We use Zerto to replicate our production VMs to our 3 Node vSAN 6 cluster in DR. I can create new VMs, delete them, create folders, copy ISO files, etc... However, when Zerto tries to do anything; test failover, create new protection group, etc..., I get "Cannot complete file creation operation". And I see the following in vpxa.log on the host trying to do the operation:
--> Result:
--> (vim.fault.CannotCreateFile) {
--> faultCause = (vmodl.MethodFault) null,
--> faultMessage = (vmodl.LocalizableMessage) [
--> (vmodl.LocalizableMessage) {
--> key = "com.vmware.esx.hostctl.default",
--> arg = (vmodl.KeyAnyValue) [
--> (vmodl.KeyAnyValue) {
--> key = "reason",
--> value = "Hostsvc::osfs::CreateDirectory : Failed to create directory vm-27637 (Cannot Create File)"
--> }
--> ],
--> message = "Operation failed, diagnostics report: Hostsvc::osfs::CreateDirectory : Failed to create directory vm-27637 (Cannot Create File)"
--> }
--> ],
--> file = "Hostsvc::osfs::CreateDirectory : Failed to create directory vm-27637 (Cannot Create File)"
--> msg = "Received SOAP response fault from [<cs p:1f31ce78, TCP:localhost:8307>]: CreateDirectory
--> Cannot complete file creation operation."
--> }
--> Args:
-->
--> Arg spec:
--> (vpxapi.VmLayoutSpec) {
--> vmLocation = (vpxapi.VmLayoutSpec.Location) null,
--> multipleConfigs = <unset>,
--> basename = "Z-VRAH-gvvsan1.rpionline.com-586248",
--> baseStorageProfile = <unset>,
--> disk = (vpxapi.VmLayoutSpec.Location) [
--> (vpxapi.VmLayoutSpec.Location) {
--> url = "ds:///vmfs/volumes/vsan:fe0afcdab0b14afe-b39f91c71d1f1a76/1d00fa54-b4a3-9158-b876-ecf4bbcfd398/f79828c5-af94-4c14-8117-712276546bdd/vm-27637/Temo.vmdk",
--> key = 16020,
--> sourceUrl = <unset>,
--> urlType = "exactFilePath",
--> storageProfile = <unset>
--> }
--> ],
--> reserveDirOnly = <unset>
Everything I look into leads me back to an MTU issue and this KB: VMware KB: Creating new objects on a VMware Virtual SAN Datastore fails and reports the error: Failed to create dire…
I enabled the vDS health check and sure enough, it reports and MTU issue.
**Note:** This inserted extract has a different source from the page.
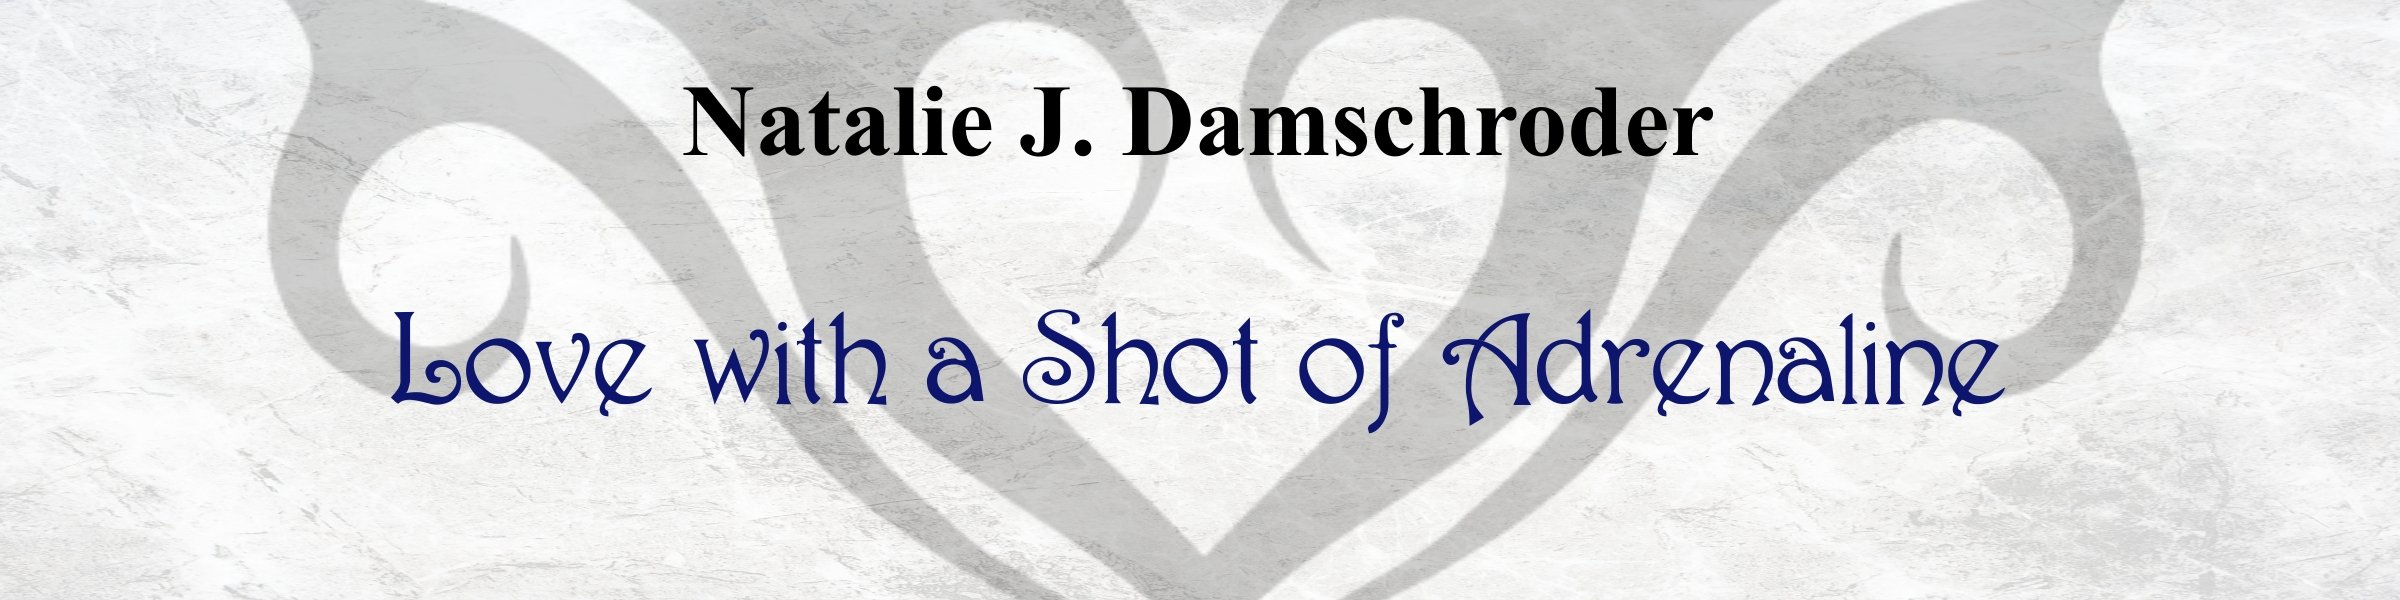 Natalie J. Damschroder ~ Love with a Shot of Adrenaline

There is also this:
[root@gvvsan1:~] vmkping -d -s 1472 10.7.7.121
PING 10.7.7.121 (10.7.7.121): 1472 data bytes
1480 bytes from 10.7.7.121: icmp_seq=0 ttl=64 time=0.476 ms
1480 bytes from 10.7.7.121: icmp_seq=1 ttl=64 time=0.401 ms
1480 bytes from 10.7.7.121: icmp_seq=2 ttl=64 time=0.298 ms
--- 10.7.7.121 ping statistics ---
3 packets transmitted, 3 packets received, 0% packet loss
round-trip min/avg/max = 0.298/0.392/0.476 ms
[root@gvvsan1:~] vmkping -d -s 1473 10.7.7.121
PING 10.7.7.121 (10.7.7.121): 1473 data bytes
sendto() failed (Message too long)
sendto() failed (Message too long)
sendto() failed (Message too long)
--- 10.7.7.121 ping statistics ---
3 packets transmitted, 0 packets received, 100% packet loss
MTU size of 1472 results in a success and a size of 1473 results in a failure, the ping come back with a size of 1480.
My physical Dell 4032 switches have an MTU of 1518 and the vDS have an MTU of 1500. My question is, what should they be and is there anywhere else I need to verify/set the MTU?
I have cases opened with Zerto, VMware, and my local networking consultant. As always... thank you, Zach.